使用系统调用 sleep,查看xv6文档,找到sleep以及需要使用的write:
| System call | Description |
|---|---|
| int sleep(int n) | Pause for n clock ticks. |
| int write(int fd, char *buf, int n) | Write n bytes from buf to file descriptor fd; returns n. |
根据以上内容就可以完成代码
//sleep.c
#include "kernel/types.h"
#include "kernel/stat.h"
#include "user/user.h"
int main(int argc, char* argv[])
{
if (argc != 2) {
write(1, "Usage: sleep <ticks>\n", 22);
exit(1);
}
for (char* p = argv[1]; *p; p++) {
if (*p < '0' || *p > '9') {
fprintf(2, "sleep: invalid time interval '%s'\n",argv[1]);
exit(1);
}
}
sleep(atoi(argv[1]));
exit(0);
}
之后在Makefile里找到第180行添加
180 UPROGS=\
181 $U/_cat\
182 $U/_echo\
183 $U/_forktest\
184 $U/_grep\
185 $U/_init\
186 $U/_kill\
187 $U/_ln\
188 $U/_ls\
189 $U/_mkdir\
190 $U/_rm\
191 $U/_sh\
192 $U/_sleep\
193 $U/_stressfs\
194 $U/_usertests\
195 $U/_grind\
196 $U/_wc\
197 $U/_zombie\
编译测试
$ ./grade-lab-util sleep
make: 'kernel/kernel' is up to date.
== Test sleep, no arguments == sleep, no arguments: OK (1.1s)
== Test sleep, returns == sleep, returns: OK (0.7s)

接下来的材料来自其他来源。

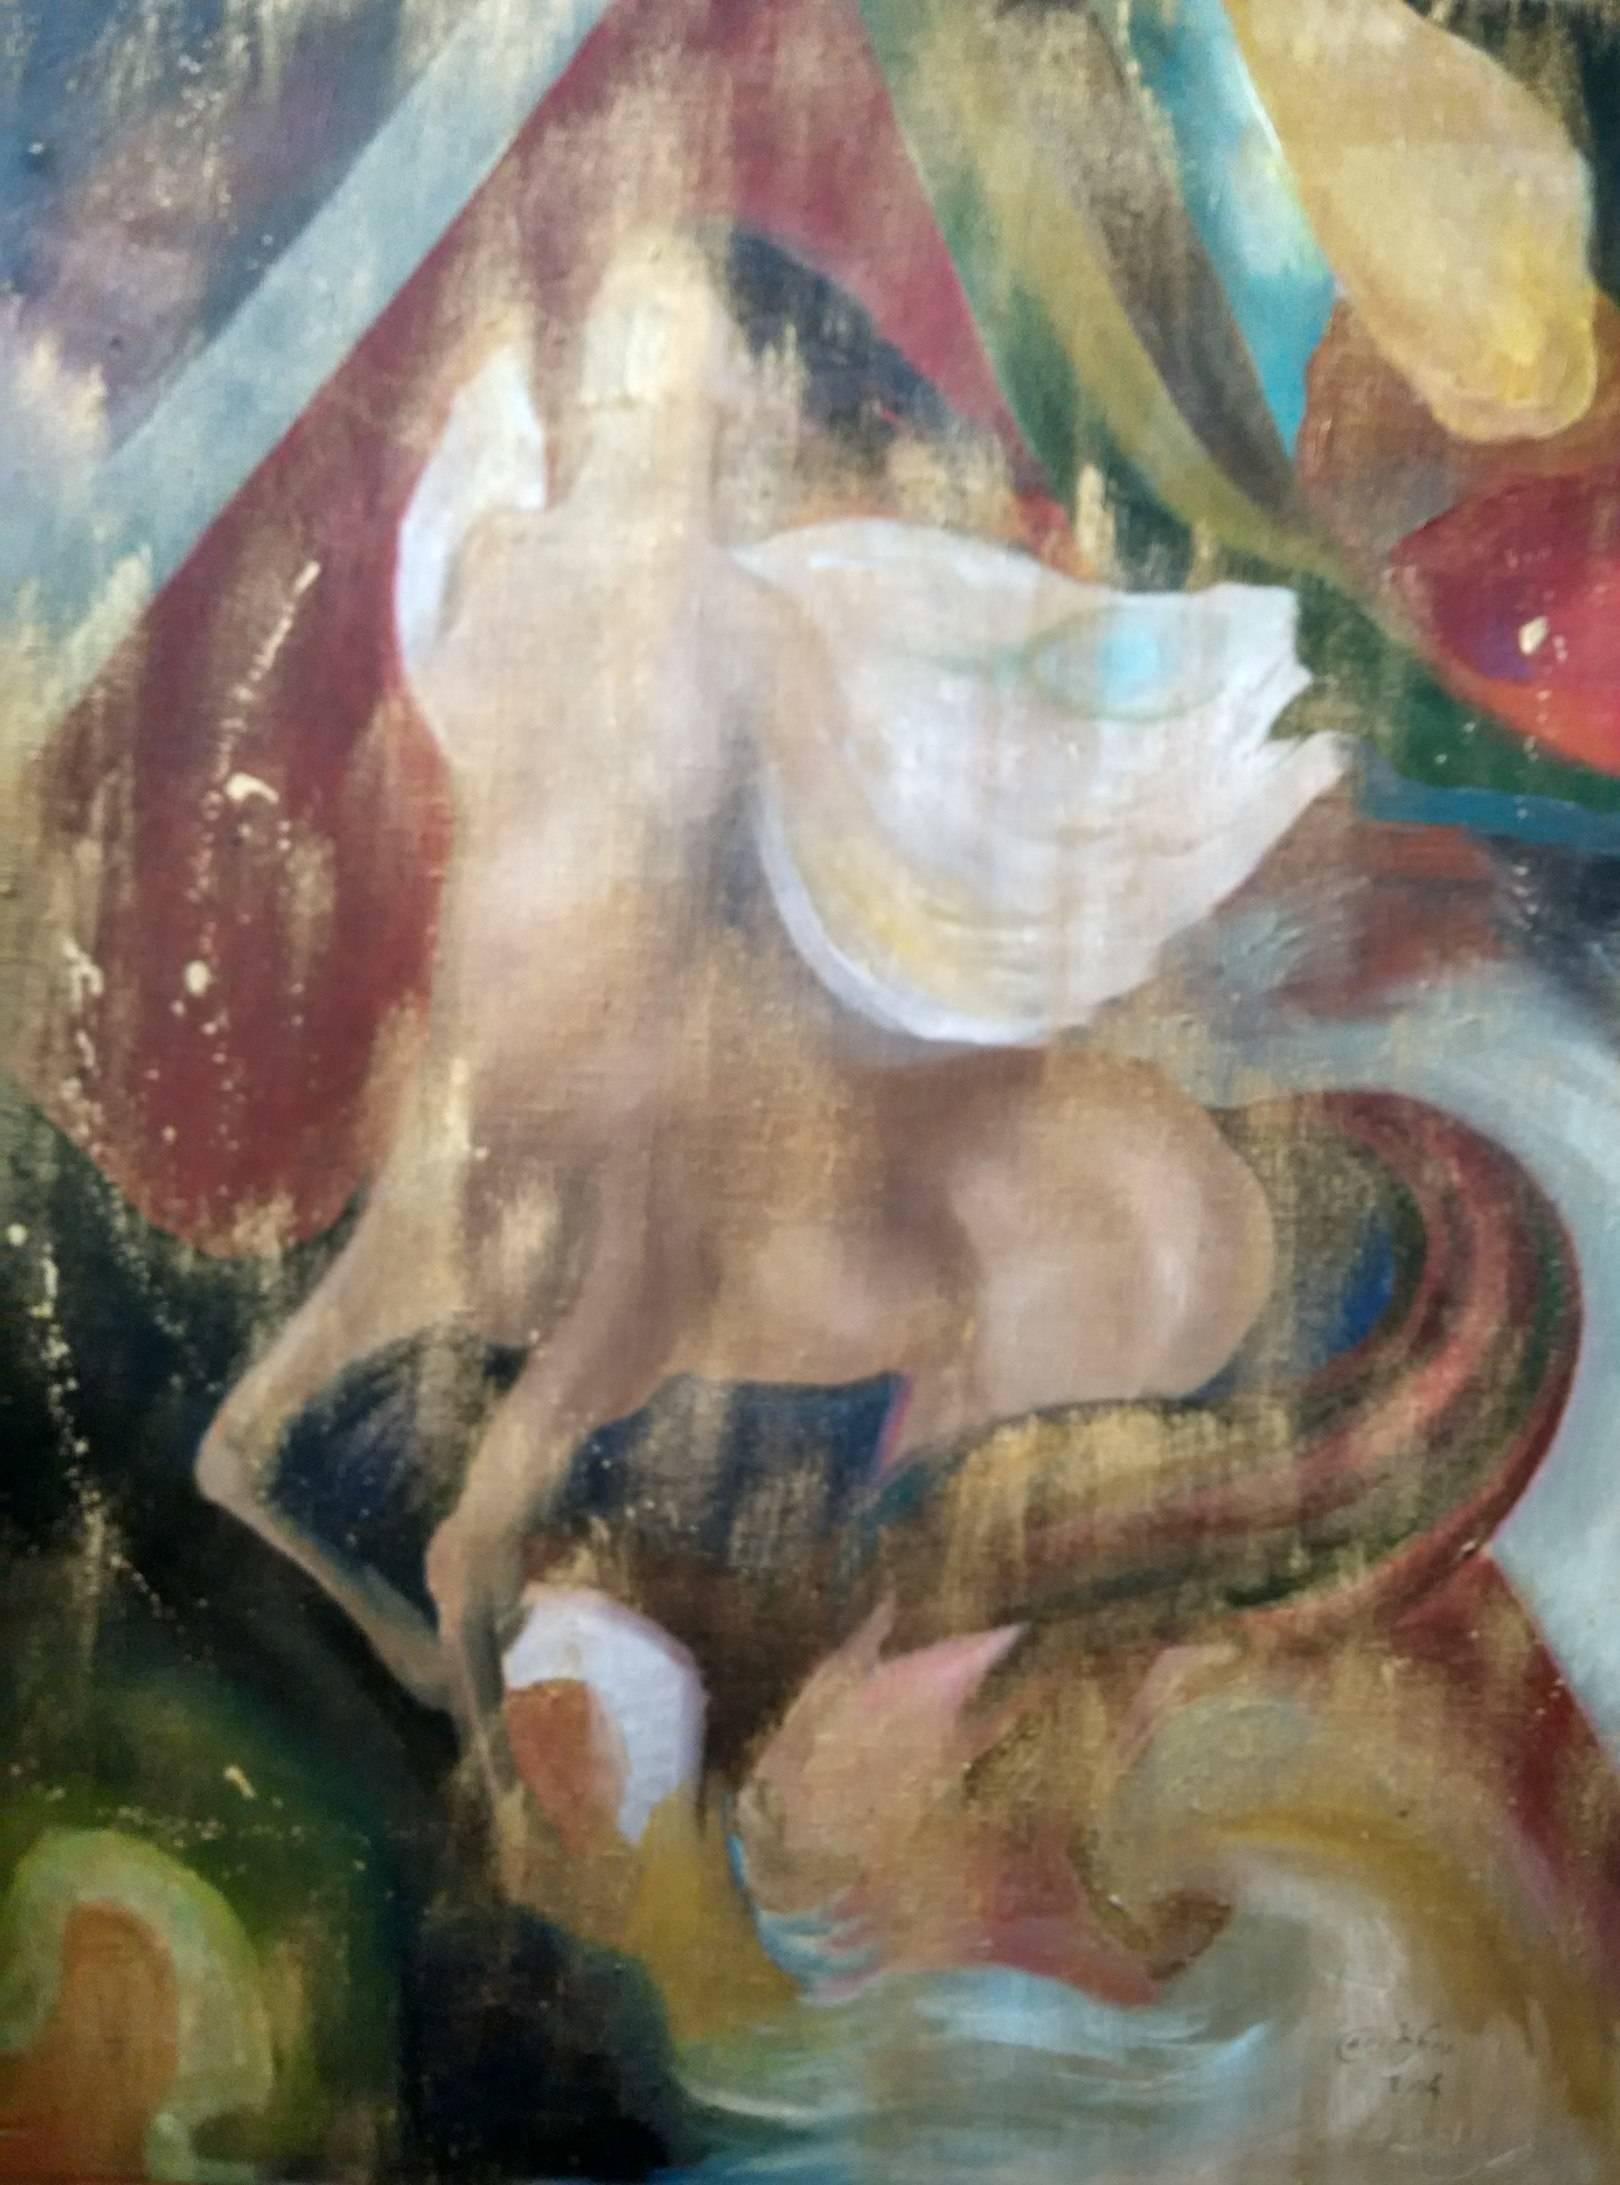 «Полет кентавра»                холст, масло «Flying of the Centaur»        oil on canvas                                                   100x90,  2004

== Test sleep, makes syscall == sleep, makes syscall: OK (1.0s)
pingpong
主要使用的系统调用
| System call | Description |
|---|---|
| int fork() | Create a process, return child’s PID. |
| int wait(int *status) | Wait for a child to exit; exit status in *status; returns child PID. |
| int getpid() | Return the current process’s PID. |
| int write(int fd, char *buf, int n) | Write n bytes from buf to file descriptor fd; returns n. |
| int read(int fd, char *buf, int n) | Read n bytes into buf; returns number read; or 0 if end of file. |
| int close(int fd) | Release open file fd. |
| int pipe(int p[]) | Create a pipe, put read/write file descriptors in p[0] and p[1]. |
// pingpong.c
#include "kernel/types.h"
#include "kernel/stat.h"
#include "user/user.h"
int main(int argc, char* argv[])
{
int p_to_c[2];
int c_to_p[2];
pipe(p_to_c);
pipe(c_to_p);
char buf[1];
if (fork() == 0) {
// Child process code
close(p_to_c[1]);
close(c_to_p[0]);
read(p_to_c[0], buf, sizeof(buf));
fprintf(1, "%d: received ping\n", getpid());
write(c_to_p[1], buf, sizeof(buf));
close(p_to_c[0]);
close(c_to_p[1]);
}
else {
// Parent process code
close(p_to_c[0]);
close(c_to_p[1]);
write(p_to_c[1], "a", sizeof(buf));
read(c_to_p[0], buf, sizeof(buf));
fprintf(1, "%d: received pong\n", getpid());
close(p_to_c[1]);
close(c_to_p[0]);
wait(0);//等待子进程结束
}
exit(0);
}
Makefile添加:
180 UPROGS=\
...
190 $U/_pingpong\
编译测试
$ ./grade-lab-util pingpong
make: 'kernel/kernel' is up to date.
== Test pingpong == pingpong: OK (2.7s)
primes
用pipe和fork实现一个素数筛
核心思想是:每个进程负责一个素数,只传递不能被该素数整除的数字给下一个进程。
prime函数打印当前素数,fork新的进程,子进程递归调用,父进程将不能被当前数整除的用pipe给子进程
| System call | Description |
|---|---|
| int pipe(int p[]) | Create a pipe, put read/write file descriptors in p[0] and p[1]. |
| int read(int fd, char *buf, int n) | Read n bytes into buf; returns number read; or 0 if end of file. |
| int close(int fd) | Release open file fd. |
| int fork() | Create a process, return child’s PID. |
#include "kernel/types.h"
#include "kernel/stat.h"
#include "user/user.h"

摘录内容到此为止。